I would like to invite your consideration...

The Subconscious Case for HD Audio

You hear a lot about cables, amps and DACs having subtle 'unmeasurable' effects on sound in the forum proper and other similar subjective audiophile communities. Less popular (at least these days) are discussions around lossy vs. lossless and even rarer folks claiming benefits from so called 'HD audio' (for the purposes of this discussion, I'll take this meaning as >48 kHz sampling, not going to discuss quantization and 24 bit at all).

Part of this dismissal for the case of HD Audio and even lossy vs. lossless CD (Redbook) quality stems from the fact that it is fairly easy to do online double blind tests that toggle seamlessly back and forth between qualities and even offer 'tests' to gauge your ability to ability to identify them correctly. These tests are exhausting but highly convincing... For instance while I can discern lossy vs. lossless most of the time (slightly over 75% across tests), I can't statistically tell the difference between SD and HD audio myself. Indeed HD audio has consistently failed double blind experiments, whether it's SACD, HDCD, DSD, MQA (lol), or even 192/24 bit FLAC. I think this removes a lot of the speculative room in the hobby for people to claim audible improvements... it's much harder to properly double blind test things like cables or sources that require (blinded) helpers and precise level matching etc.

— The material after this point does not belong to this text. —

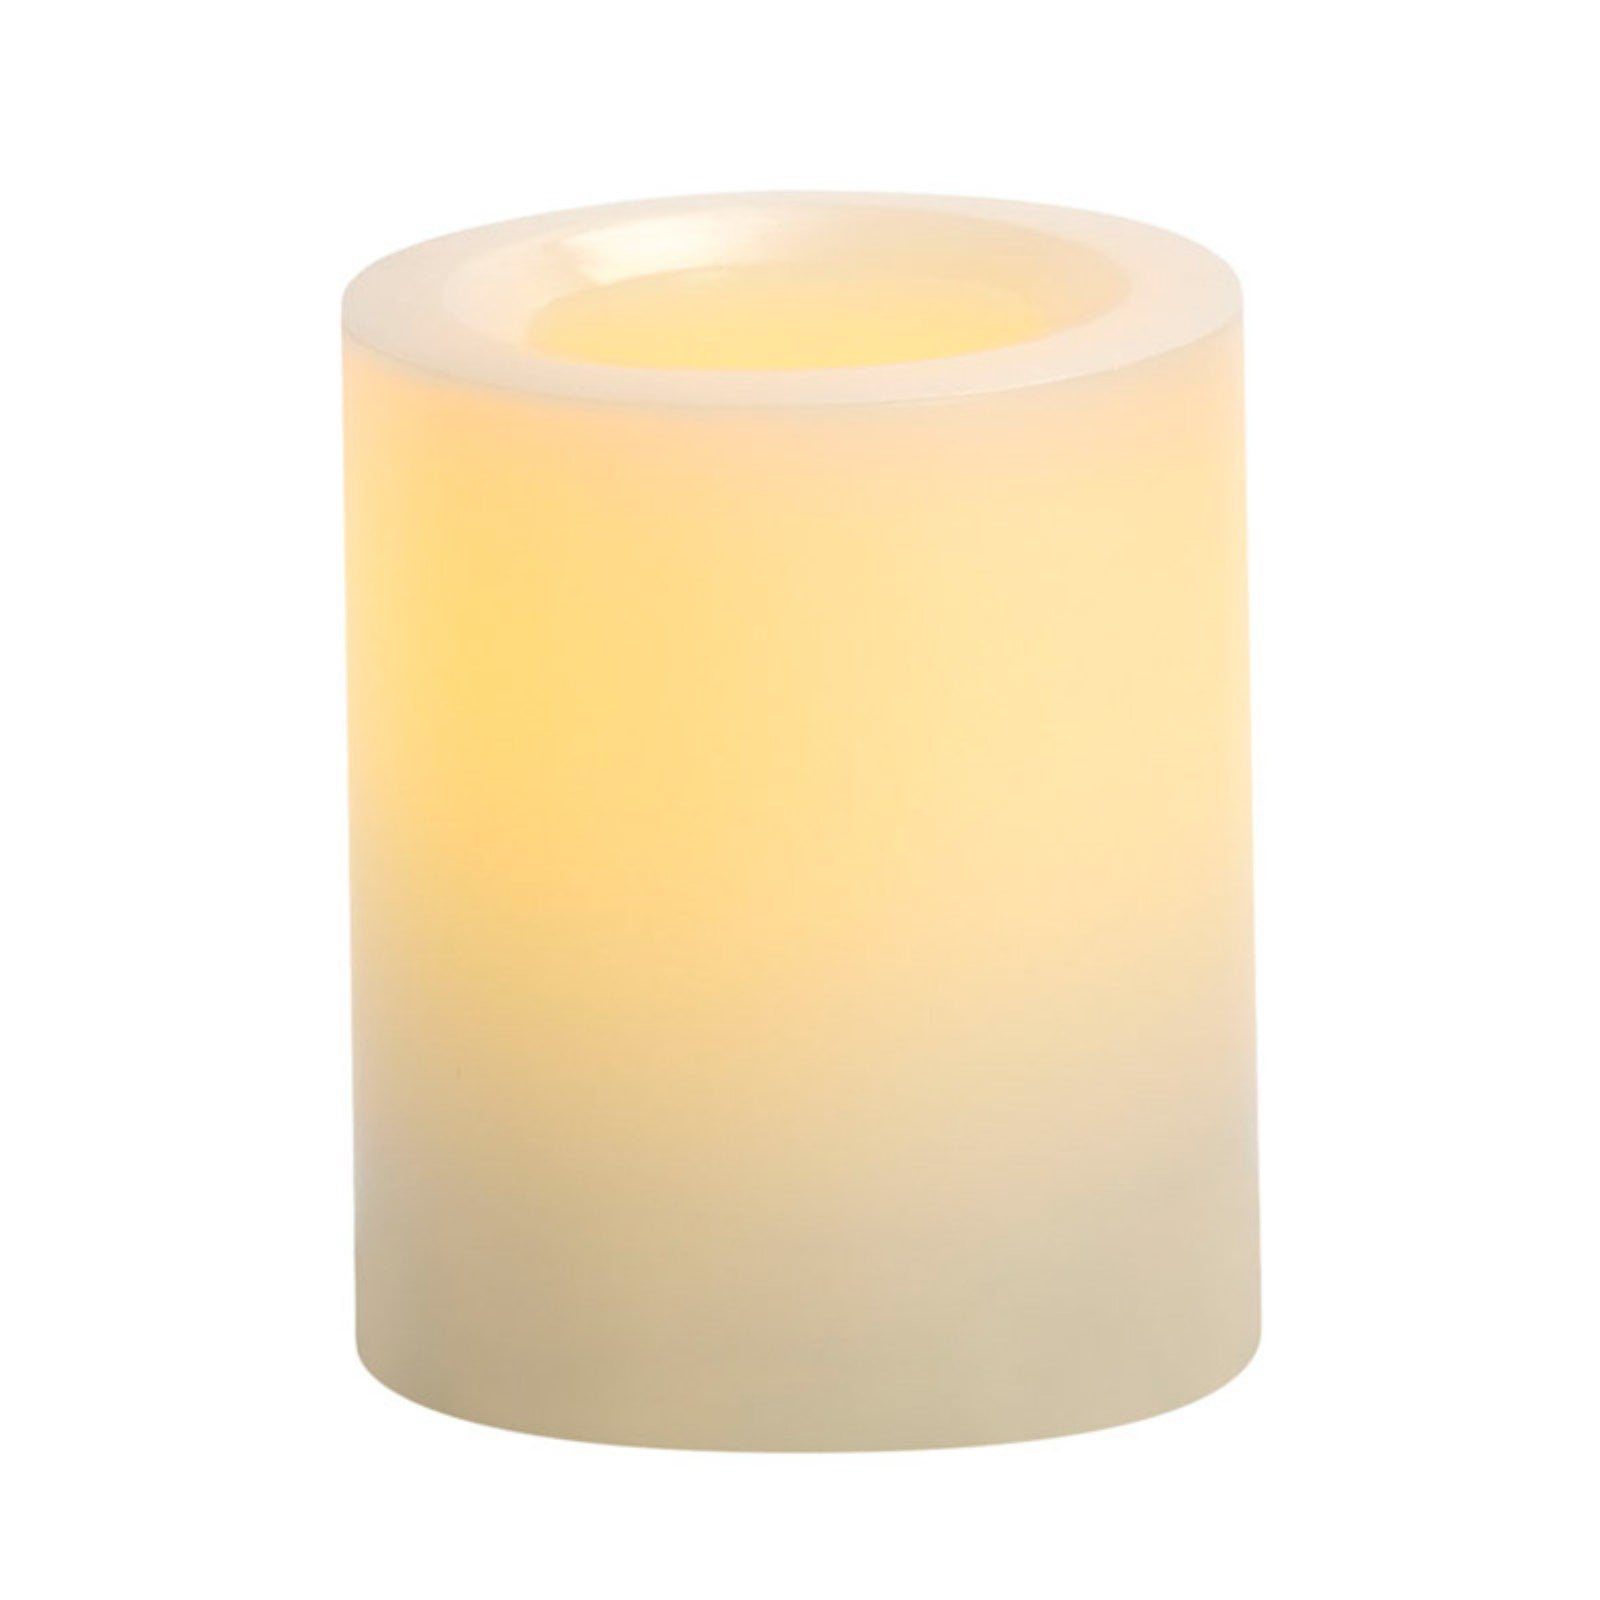 Candle Impressions Flameless Pillar Candle w/Fragrance Top-Everyday 
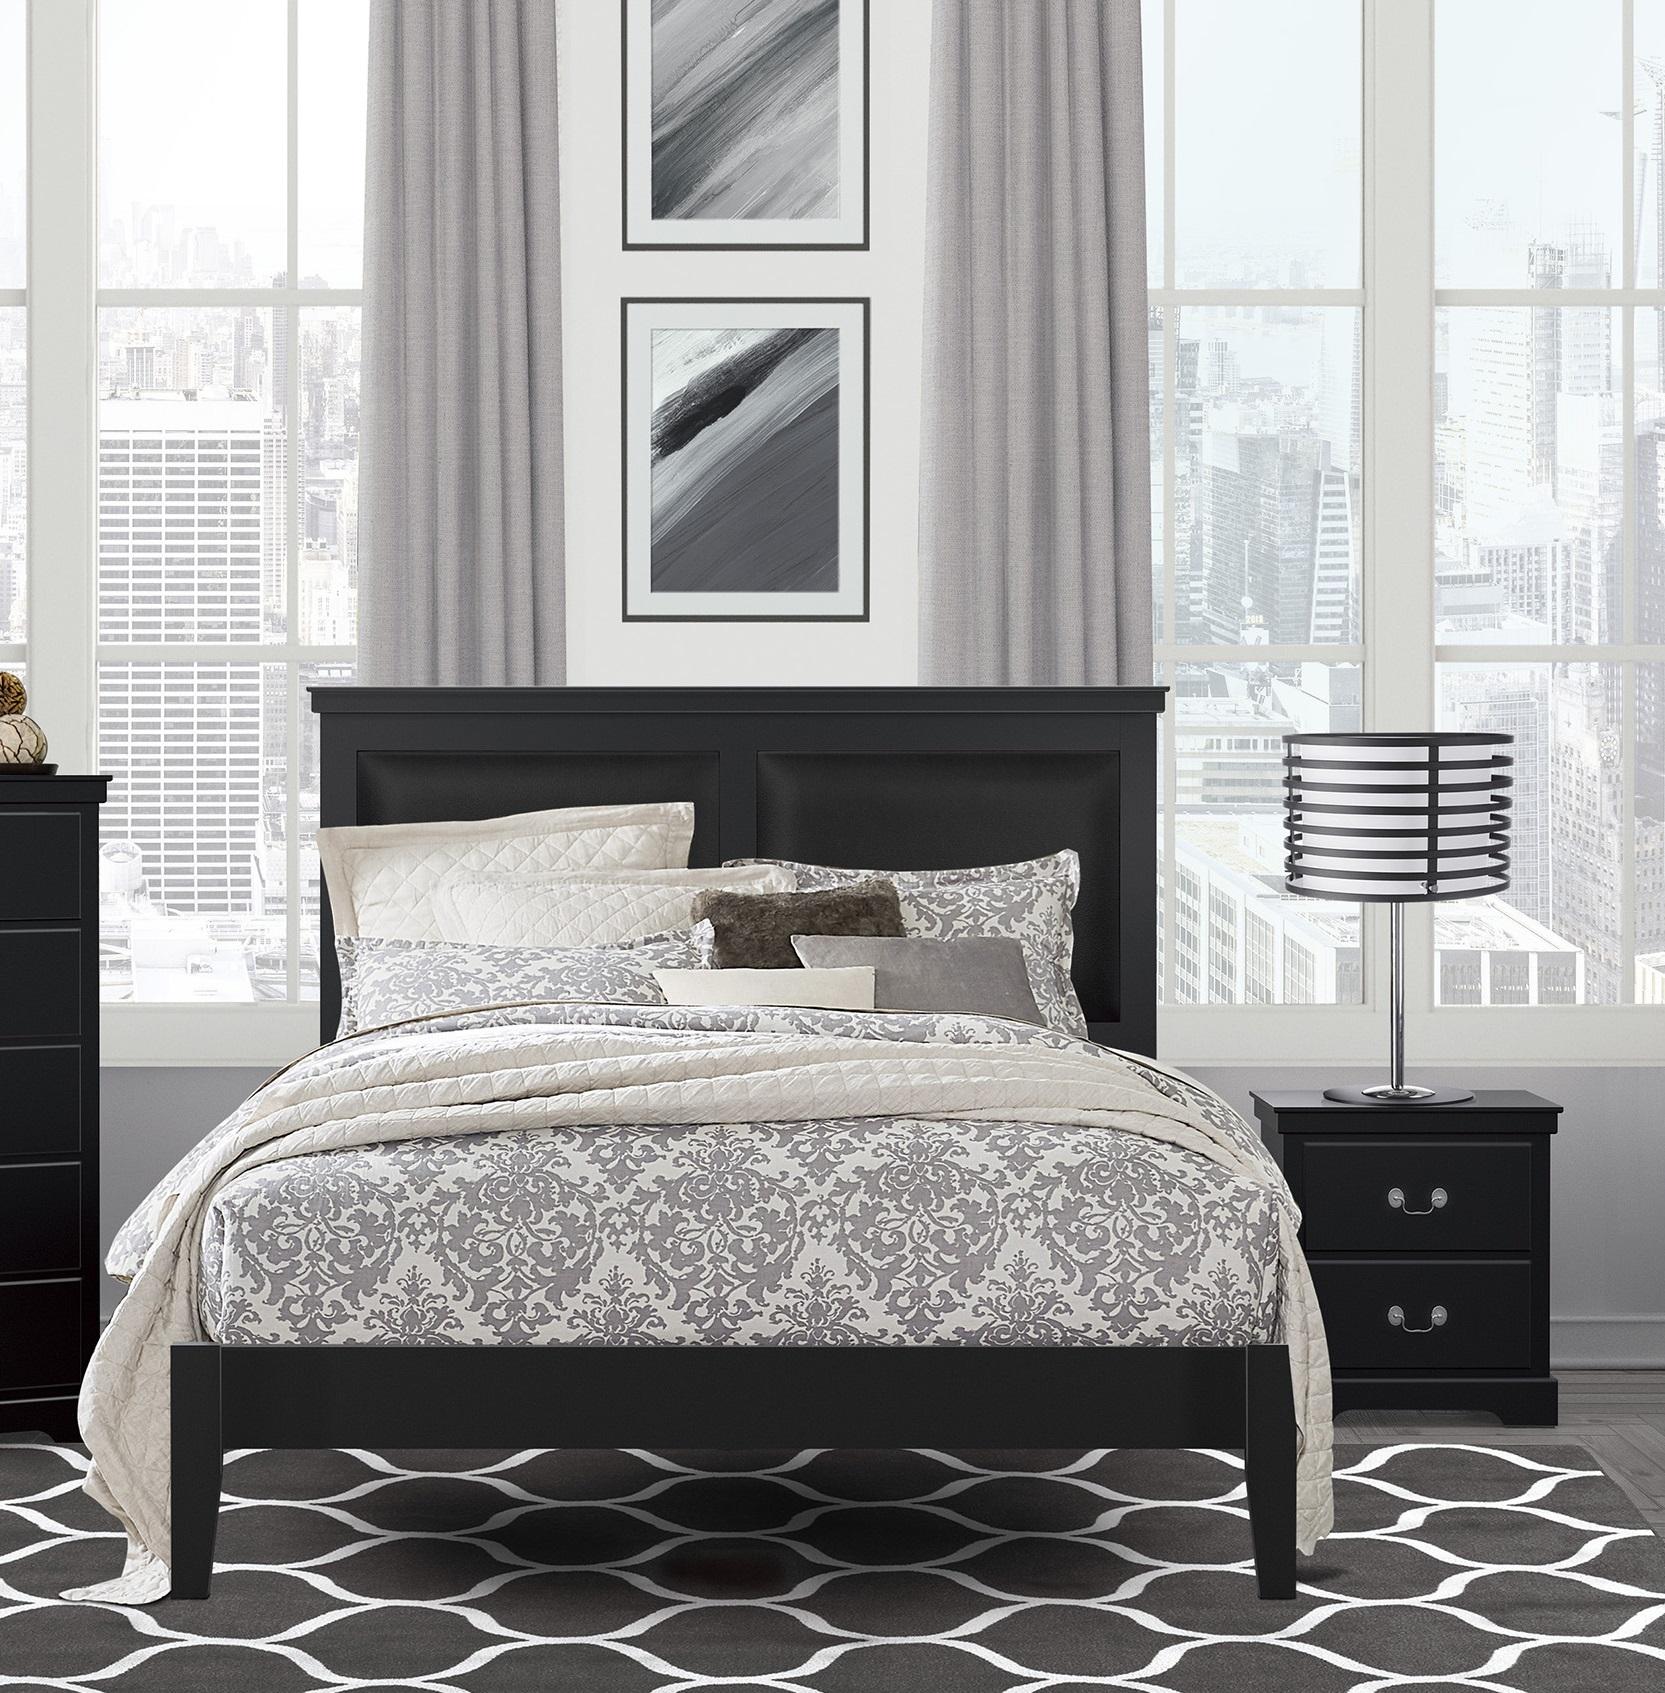 Modern Bedroom Set 1519BKF-1-3PC Seabright 1519BKF-1-3PC in Black Faux Leather

So that is all tidy and nice for an objectivist leaning listener such as myself, right? Wrong. There exists objective data that not only humans not only hear the difference in music sampled above 44 kHz, and that we enjoy it more too! We just perceive these differences subconsciously, making listening tests largely invalid. If we instead look at electroencephalogram (EEG) data of listeners exposed to SD and HD music while engaged in an unrelated intellectual task, there are observable differences in the human neurological response:



https://www.frontiersin.org/article...attentional state without conscious awareness.

These isn't the first study on HD effects either, it builds on prior work done. A series of studies have shown measurable differences in the brain response when HD content is present in music: Oohashi et al., 2000, 2006; Yagi et al., 2003a; Fukushima et al., 2014; Kuribayashi et al., 2014; Ito et al., 2016. It's expected to see increased alpha brainwaves (arousal!) when there are 'inaudible' HD frequency components.

Interesting take aways from this more recent study:

-The effect takes a while to kick in, ~200s, so rapid switching A/B inherently is a non-starter!
-It lasts ~100s after the test too
-Playing just the >20kHz HD spectrum (without the music) didn't produce the same effect
-There were still no statistically meaningful differences between the subjective ratings of the SD / HD pieces under a forced choice condition, except for 'natural':



So maybe rather than rapid A/B testing, we should have subjects listen to several minutes of audio and simply ask which sounds more natural rather than high resolution, better etc... indeed the speculation around mechanisms is basically just 'sounds more natural' hand waving.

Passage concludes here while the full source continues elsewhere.